Holiday greetings from Afghanistan! I apologize for the lack of posts, but I was enjoying a much-deserved vacation back in the States with the fiancee and our dogs. But that was then and I am now back in the ‘Stan, awaiting my second Christmas away from the family. At least I have a job…for the time-being.

Nothing is Recession Proof…Not Even War

For whatever talk there has been of a recovery, things are still contracting. An interesting progression has been the impact to the Department of Defense, the military, and the contractors (of which I am one) that support their efforts. In the Air Force Squadron and Group I am embedded with, there have been troop reductions, both in lower numbers of replacement troops coming into the theater and some currently deployed troops having their rotation cut short. Deployment cycles are also being shortened…Air Force units typically work on 6 month rotations, but the Army units we support have conducted 12 month deployments. Those are being shortened to 9 month deployments. On the contracting side, the overseas war efforts have been the life preserver buffering against a distinct lack of jobs in the States. Now that Iraq has wound down to its current levels of activity, competition for contractor jobs (particularly in the construction, engineering, and planning fields) has gotten much more intense.

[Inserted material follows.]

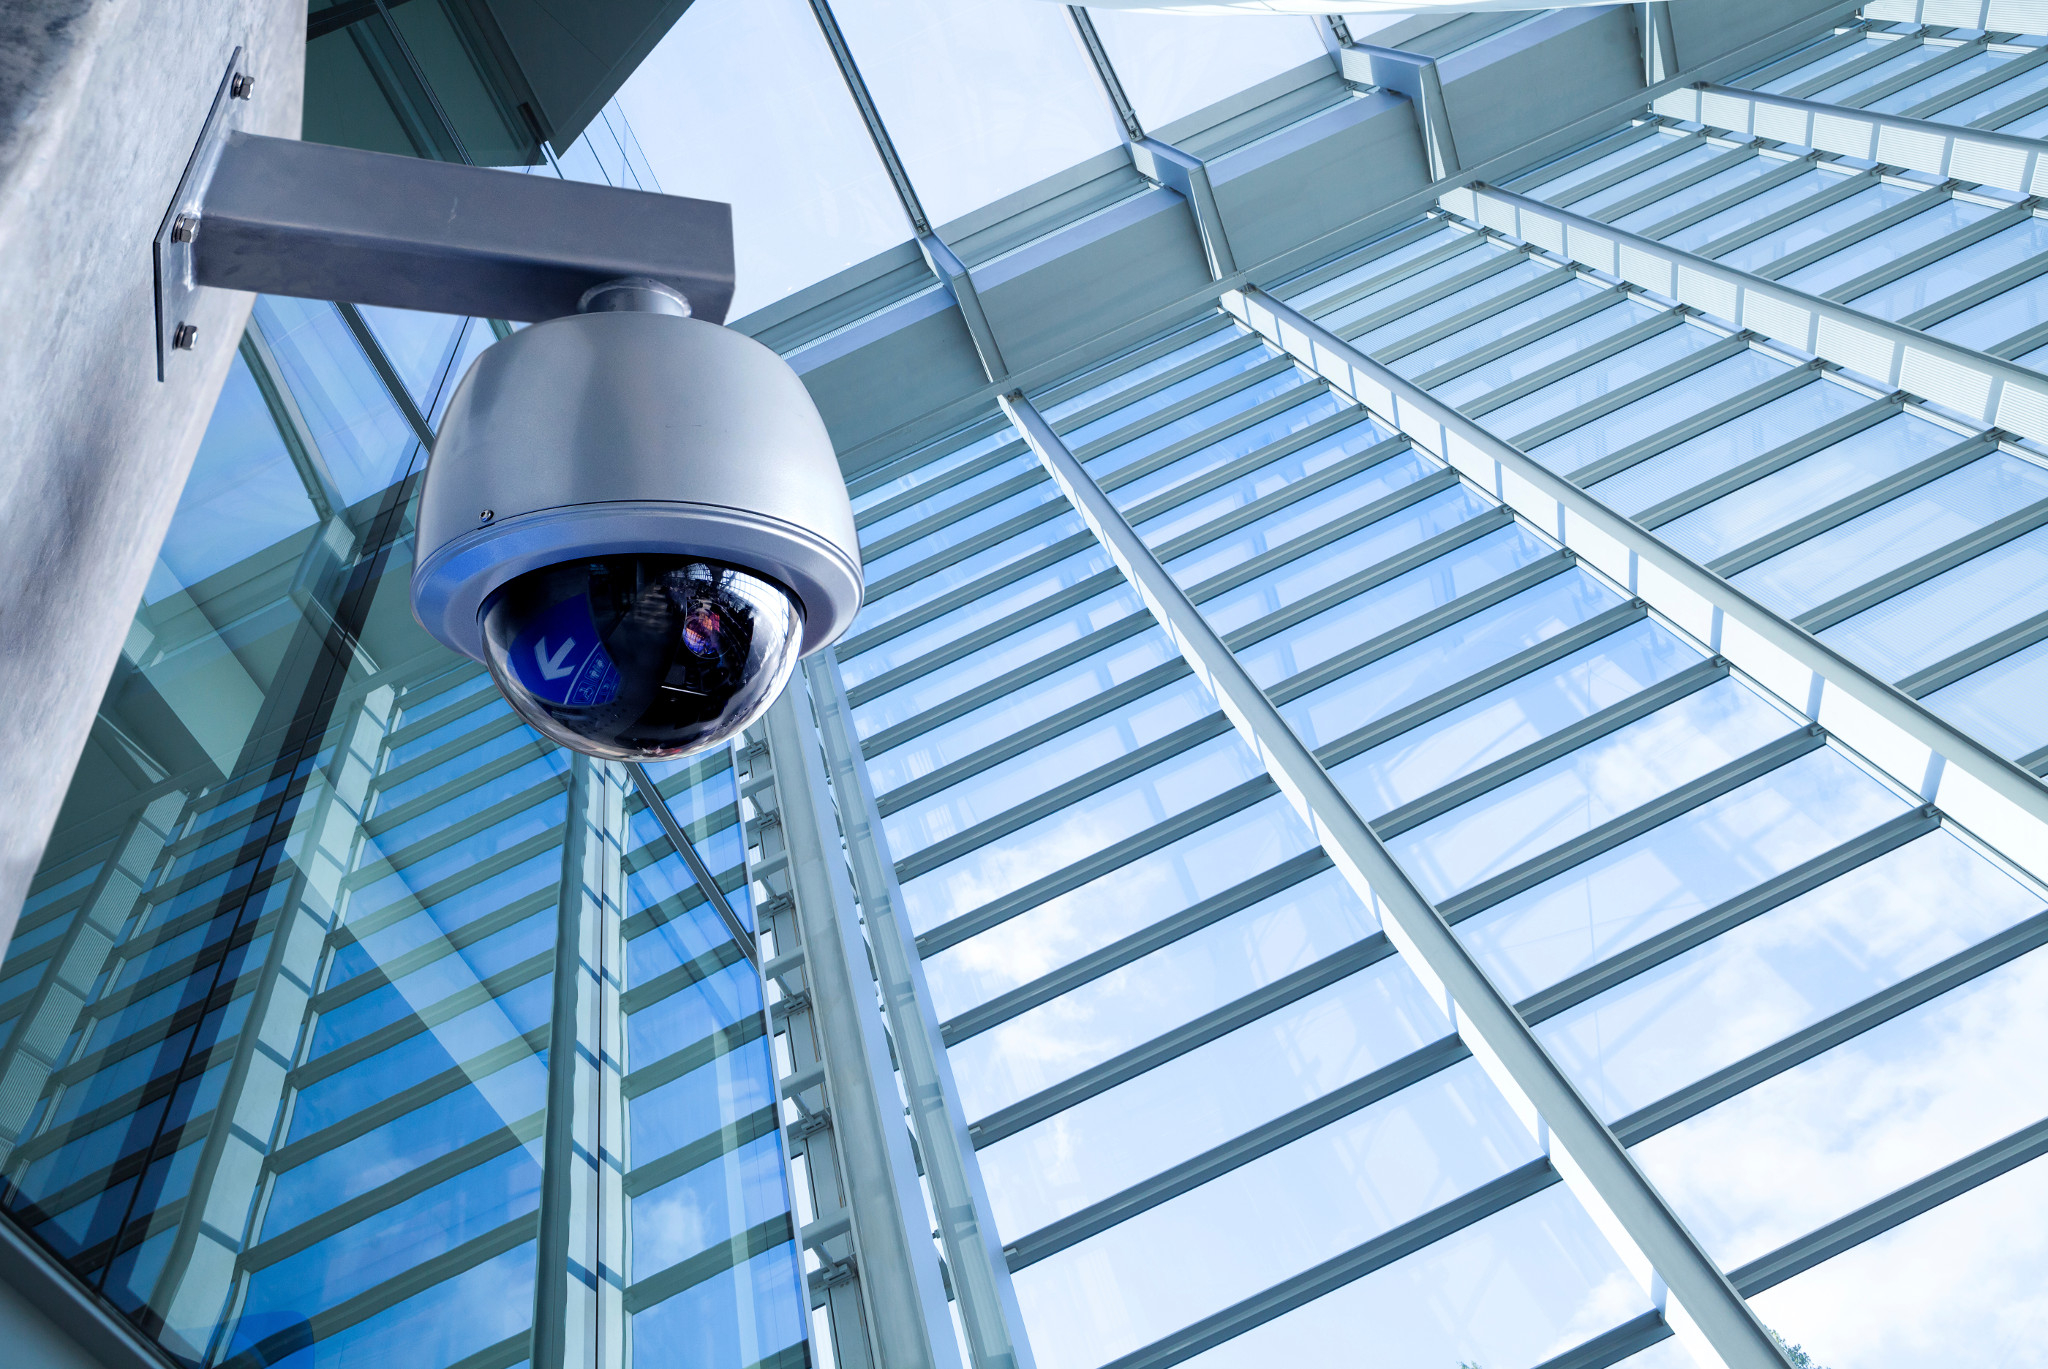 Cameras lethal company. Системы видеонаблюдения (CCTV). Камера видеонаблюдения CCTV. Камеры видеонаблюдения на здании. Сиситемы безопасности.

The contract I am currently on recently went out for bid and a joint-venture underbid my current employer. Talking with my co-workers, compensation packages are ranging from 35% to 50% cuts compared to the current contract. Because of my current financial obligations, that brings me dangerously closely to not being able to cover my expenses. Many of my co-workers (who aren’t necessarily in the same straits that I am) have decided that putting up with the conditions, the danger, and the dysfunction simply isn’t worth the offered compensation. The hiring manager for the joint-venture has told people that it doesn’t matter if they leave, because he has a bunch of resumes waiting. As you might suspect, I am aggressively pursuing my options…globally. I’m already overseas…I’m not likely to find much worse than Afghanistan.

The Progression of Clean Technology

I have argued in several forums that (using the example of solar, and the failure of Solyndra and others), that government can serve a vital role in the development and adoption of new technologies, in this case clean-tech and alt-energy. The problem (well, one of them) that hit Solyndra was that the government provided funding for an actual development venture, before ensuring that the technology was fully deployable and that there was a market for the ensuing products. That’s the problem with funding the production side of things…you actually do have to make a profit or the venture will fail. Look at all of the technology that arose from the 60s, 70s and 80s via Cold War defense research. Internet. Cellular communications. Aeronautics. Lightweight materials. The Federal Government put out a request for these types of innovations, and provided the R&D funding to make it happen. Being that these requests were borne out of what was effectively a war-time need, there was a ready-made market and the manufacturing side of the businesses tended to be handled without direct Federal funding (beyond purchase orders). And once again, the Department of Defense is taking the lead on this, only this time it is not just war-time technology but the kind of clean technology that has potential applicability far outside of the battlefield. In an article in The New Republic, the authors make the exact same point.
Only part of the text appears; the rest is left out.